Although we realize that this system has enormous potential in other domains, this system does not have a practical use in the future. This is because (hopefully) the bus company (MTA) will track the buses with either GPS or radio waves to find out where the positions are. These positions will be used to calculate approximate arrivals at each bus stop. This potential system will eliminate the use of our system. However, this future system could still be improved by addressing the accuracy of the "approximate" arrivals of each bus, i.e. how long it takes to get from one place to another. These values will need external variables such as the traffic light plan and other car's plans. This data might not be available. Therefore, we suggest that the answer to unknown data (whatever it might be) is Neural Networks.

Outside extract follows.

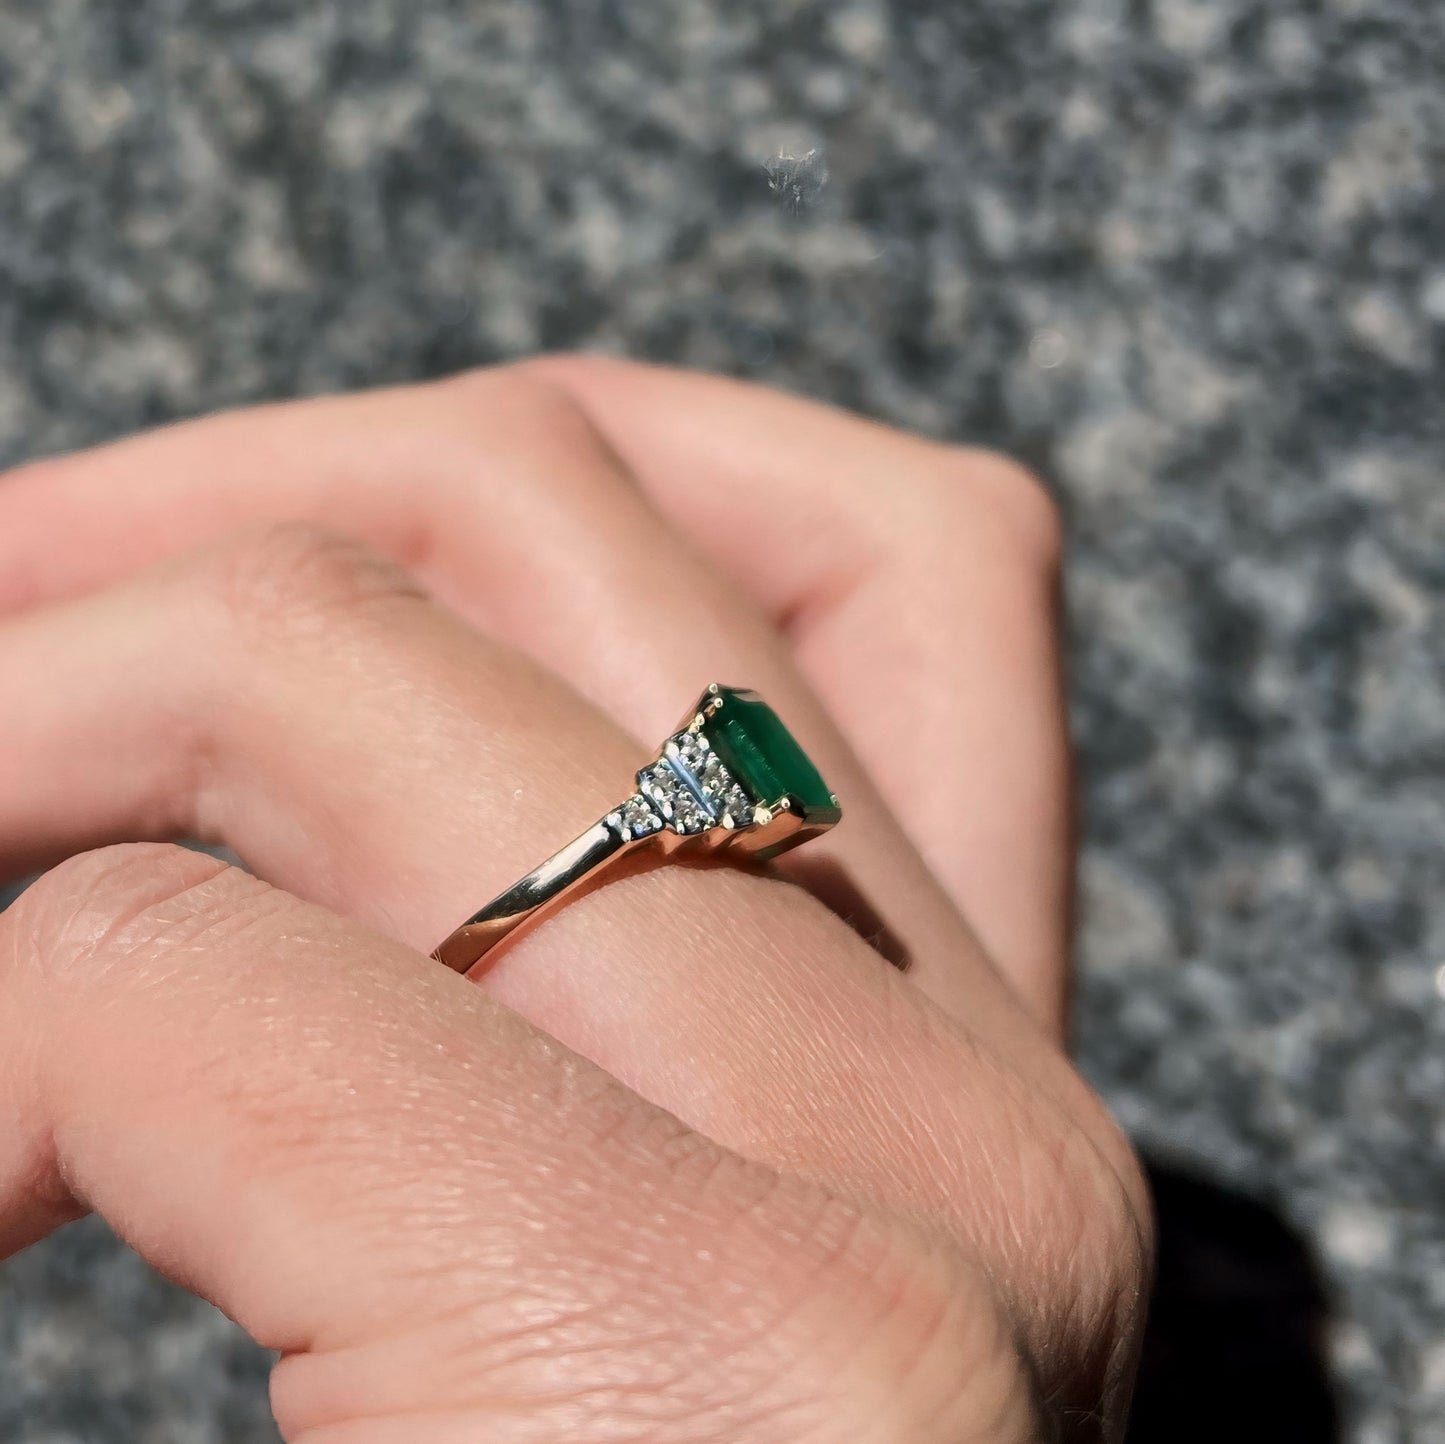 9ct Yellow Gold Art Deco Inspired Emerald and Diamond Ring - Size N1/2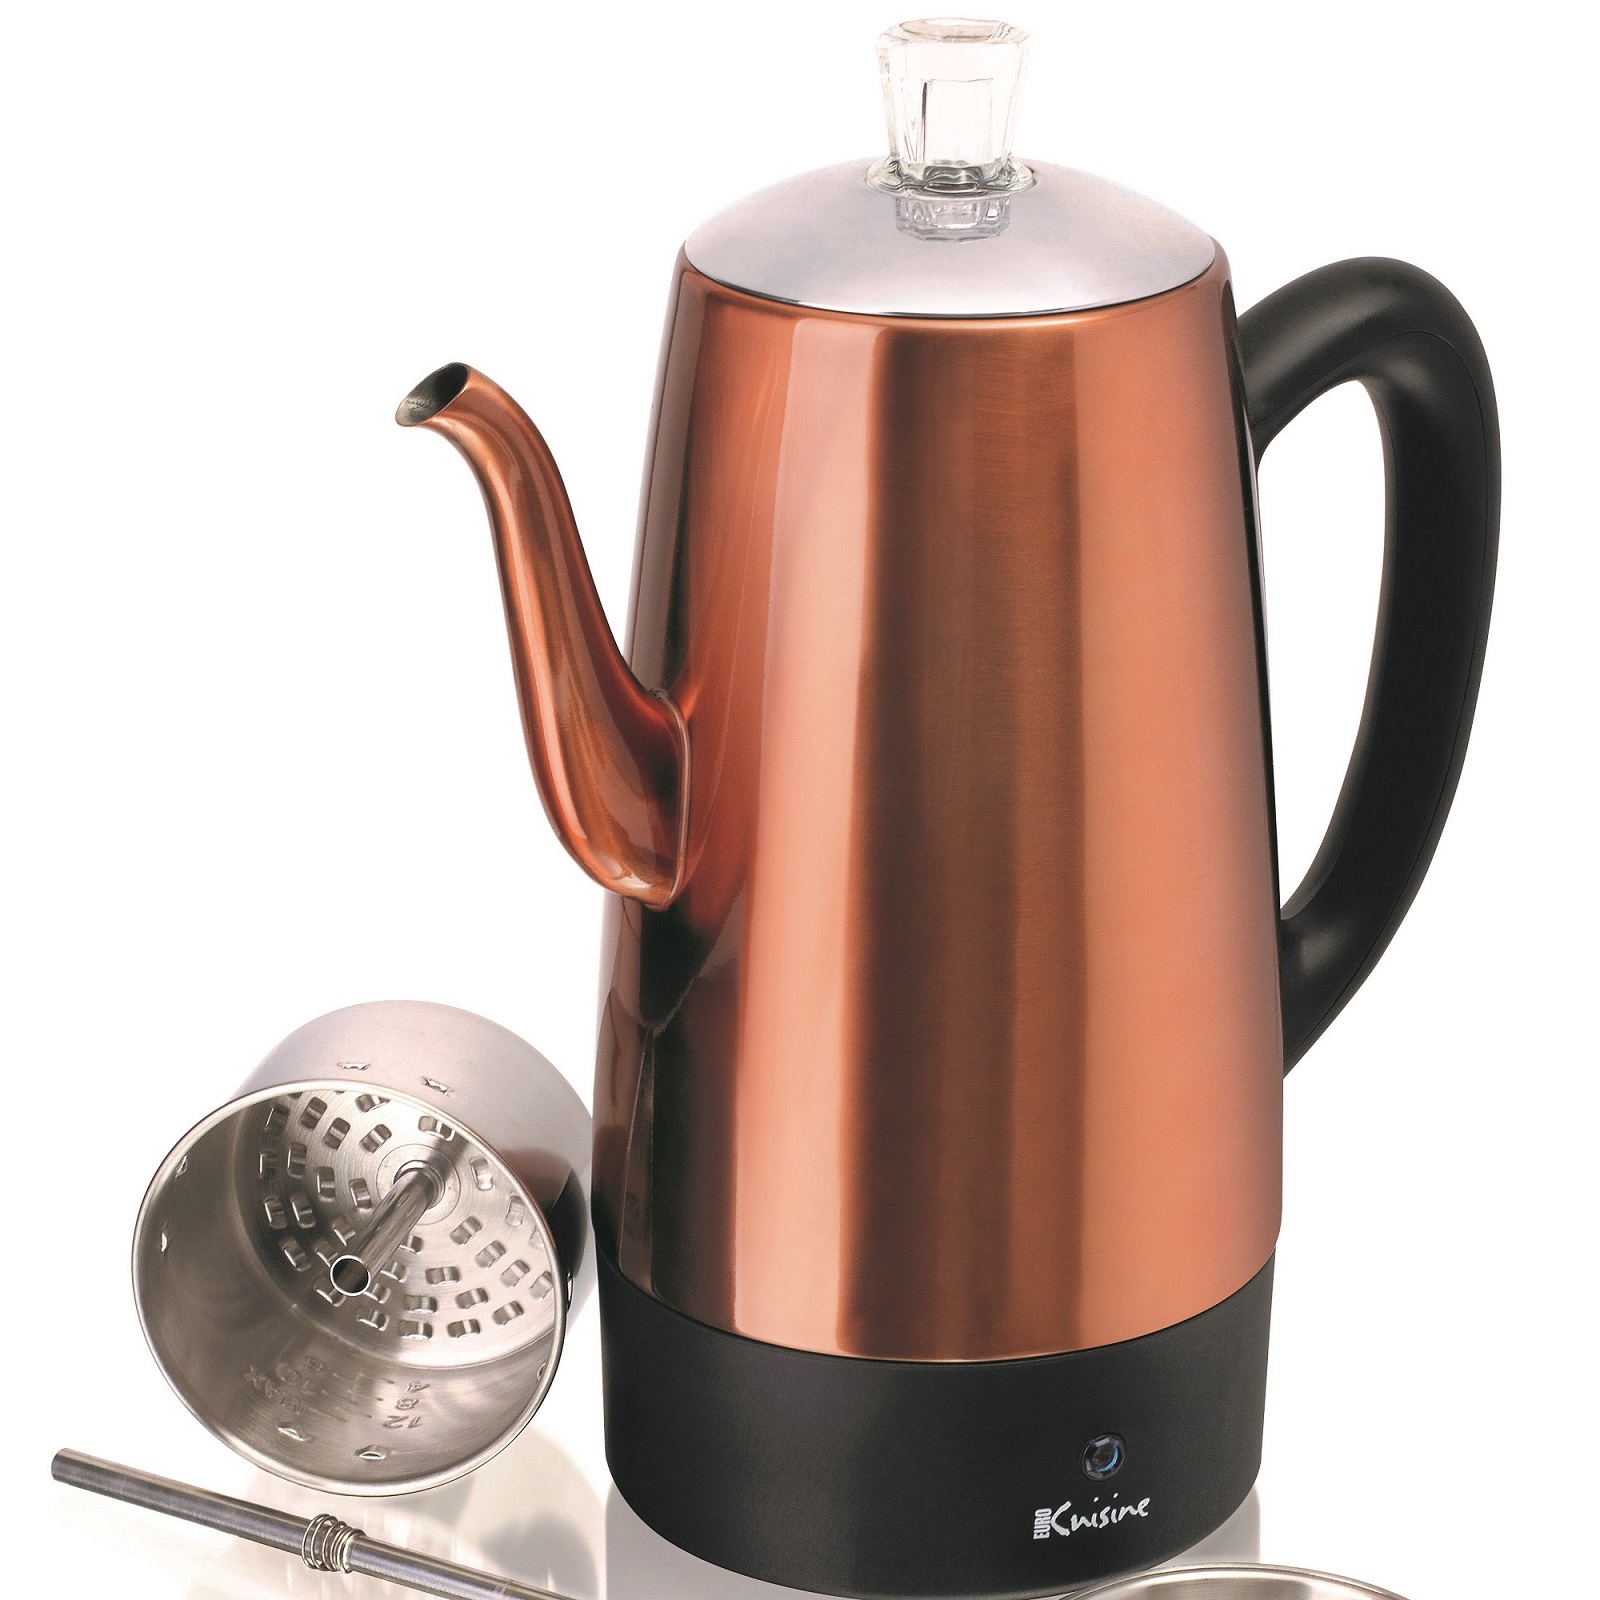 APOXCON Camping Coffee Pot with Glass Knob Top, 9 Cups Stainless Steel  Percolator Coffee Pot Coffee Maker for Campfire or Stovetop Coffee Making

The evolution of systems like this in the future could implement Neural Networks as a basis, and once more information is found, phase the networks out to concentrate on other "unknown" data. There will always be unknown things in this world, therefore, there will be a need for Neural Networks.

More importantly, we provide the user with an accurate depiction of what happened in the past, along with the prediction the computer "thinks" is going to happen. We let the user decide when he or she thinks the bus is going to come. This what makes the system versitle enough to use, that it does not hurt the situation of the humans, it can only help by making life easier.